I'm sure there will be garden centres near the OP's place, whether you live an a house or apartment with balcony you can grow some in a plant pot. I've made a list of all the herbs I would like to grow, and used google translate to find out what their Spanish name is, so I know what I am looking for. Happy planting.


----------



## Cindy_L (May 13, 2011)

Well, if anyone's after some Thai Bird's Eye chilli seeds, I've got heaps. Happy to swap (or just give away) for other types of seeds or cuttings. I'm going to try and get my mum to send me some curry leaves and ****** Lime seeds, and whatever else she can get from her garden in Malaysia. I'm not sure if it will get through customs if she sends them by post. We can only try. Anyone after any types of seeds, let me know, I'll put a list together for her.


----------



## geez (Apr 4, 2010)

Pardon the late reply...

There are numerous Asian grocers in the centre of Barcelona. One of the larger ones is just off Plaza Catalunya on Balmes (two doors up from the Top Shop). They stock a range of Thai and Chinese greens and herbs and also carry "exotics" like self-raising flour. If you have no joy there, there are numerous smaller shops run by Filipinos in the Ravel area.

One thing I've never been able to source is Vietnamese hot mint of the sort used in rice paper rolls, and sadly, I've never come across it in any Vietnamese restaurant in Spain. Do you know what I mean? It's got a variegated leaf and is delicious. If you come across any in your Barcelona travels, give me a holler.


----------



## Cindy_L (May 13, 2011)

Wooooo happy to report, I found frozen pandanus leaves, lemongrass, ****** lime leaves and curry leaves in an Asian grocery shop across the Fontana Metro in Gracia. They also have a good variety of South East Asian spices and bottled stuff. I'm heading back tomorrow arvo. Anyone wants me to have a look and see if they have something you're after, just leave a reply before 3pm tomorrow.


----------



## Alcalaina (Aug 6, 2010)

I planted loads of seeds yesterday - coriander, flatleaf parsley, rocket, basil, chervil ... and picked some wild fennel which is growing in profusion on a bit of waste ground near my house. A tiny quantity of chopped fronds really lifts an egg mayonnaise.









Then I used some crushed stems from my lemon-grass plant in a nice delicate sauce for my seafood albondigas.

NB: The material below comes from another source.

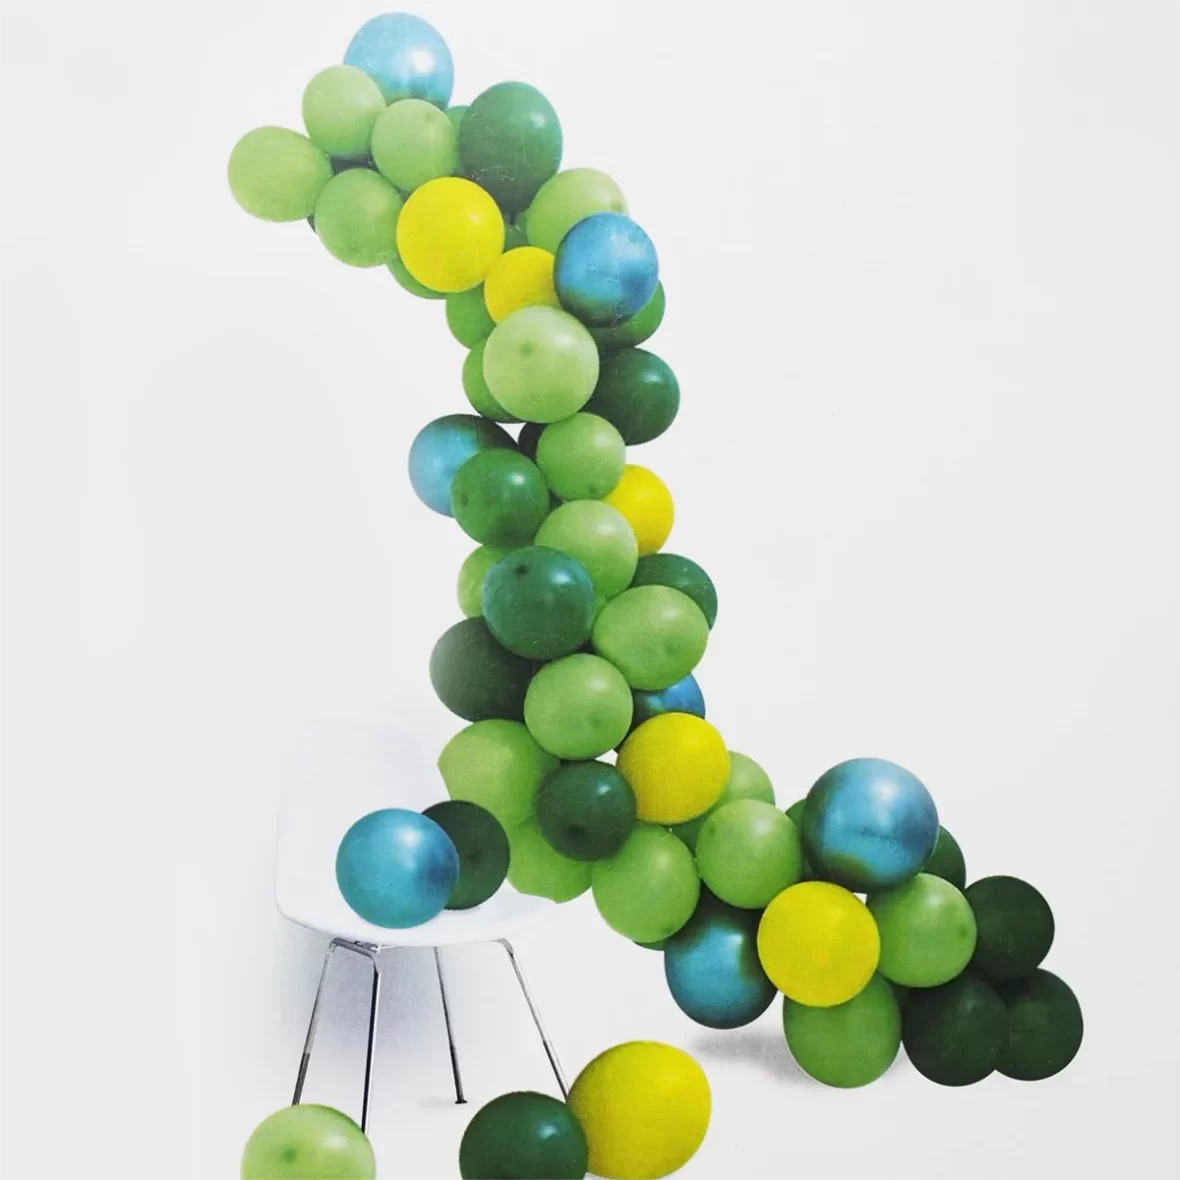 Arcada baloane in culori verde, galben, albastru

How dull our meals would be without herbs!


----------



## geez (Apr 4, 2010)

Envious of your bounty, Alcalaina.

CindyL, I know the shop you found... it claims it's Japanese but think it's more pan-Asian really and run by Chinese folks. Try the central Gracia market (called Abaceria but everyone calls it "Mercat Gracia") on Traverssera de Gracia for stalls with more European-type herbs. Or head up into the hills north of Park Guell if you want to pick wild Mediterranean herbs.


----------



## Cindy_L (May 13, 2011)

I too am envious of your bounty, Alcalaina.

I found out the hard and expensive way that you can't actually send herbs to Spain, although if you were to hand carry it in when you fly in, it's perfectly ok. Go figure. Anyways, I've managed to find most of the herbs in Gracia and Raval (the Pakistani shops). The only thing now is to find some Belacan. That is the latest challenge. The vietnamese hot mint is still on the hunt list too.


----------